The other alternative, that has been hinted in many movies and is being implemented in some cities, is giving up ownership of the car completely. Instead, a fleet of cars is available for rental through an app on your cell phone which also points to you where the closest free car is. While this solution is probably OK for a small fraction of the population, it could become problematic if it becomes too successful: crowded locales will run out of available vehicles, which will be parked idle in distant streets all over town. Of course, once cars start to drive themselves the dynamic reverts to a taxi model, which can still be problematic in situations of high demand, but much less if they become the dominant means of transportation.

The third alternative, which I have heard about for years but not followed too closely, are fuel-cell electric cars, which are propelled by an electric engine that obtains the energy from fuel cells that run on liquid or gas fuel. While this model is not intrinsically clean (it could run on fossil gas just like our cars run today on fossil gasoline) they can be "made" clean by using regenerative technologies to produce the fuel: using solar or wind power to generate liquefied hydrogen (and oxygen that goes back to the atmosphere) means that the net emissions of this kind of cars could be zero.
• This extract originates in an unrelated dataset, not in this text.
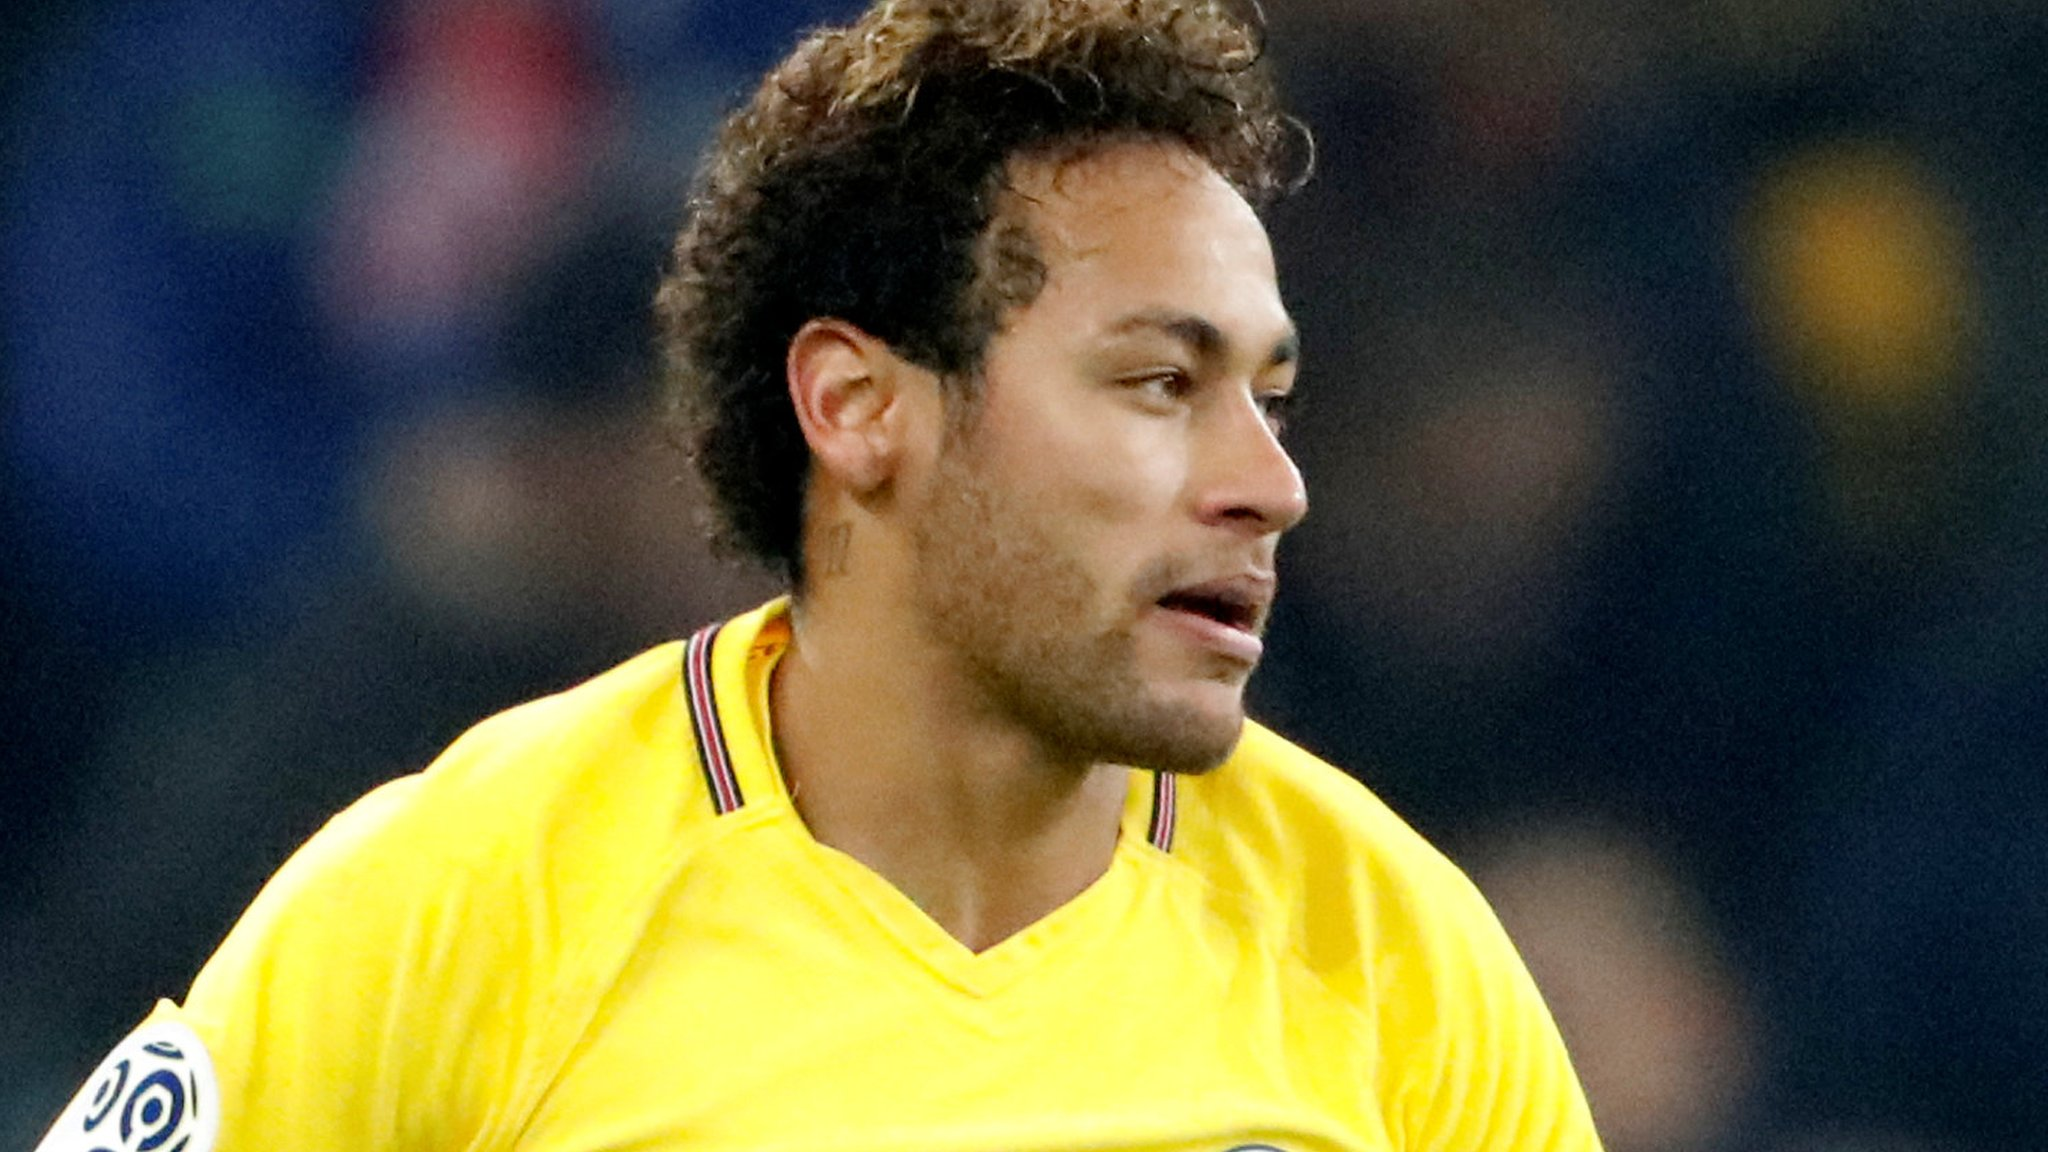 Man City, Man Utd & Real Madrid want Neymar - gossip

Furthermore, this kind of plants could be tuned to absorb some of the excess energy that is currently being produced during sunny or windy days when the demand for electricity is low.

This brings me to the fourth and last alternative, which is also, in my view, the easiest one to achieve: feeding our gasoline or diesel engines with non-fossil alternatives. Considering the hundred years of experience that we have with this kind of technologies, the risk of the adaptation is probably small. Recently I saw an advertisement for a car that ran on synthetic methanol, which looks like an ideal solution: the mechanics of the engine are well known, range is acceptable within the usual tank sizes, refueling time is very short, and all that with the benefit of net zero emissions and the additional benefit that, contrary to the production of batteries which relies on the extraction of rare earths, raw materials are widely available all over the world.

I will finish for today with only a word of caution about innovation: coming up with new ideas, inventing new gadgets and processes that no one has ever thought before is an endeavor worth of praise. However, it is also possible to be blinded by the sheen of these novelties while other technologies only need a minor push to become comparable. Let us see what history decides in the next few years. Have a nice evening.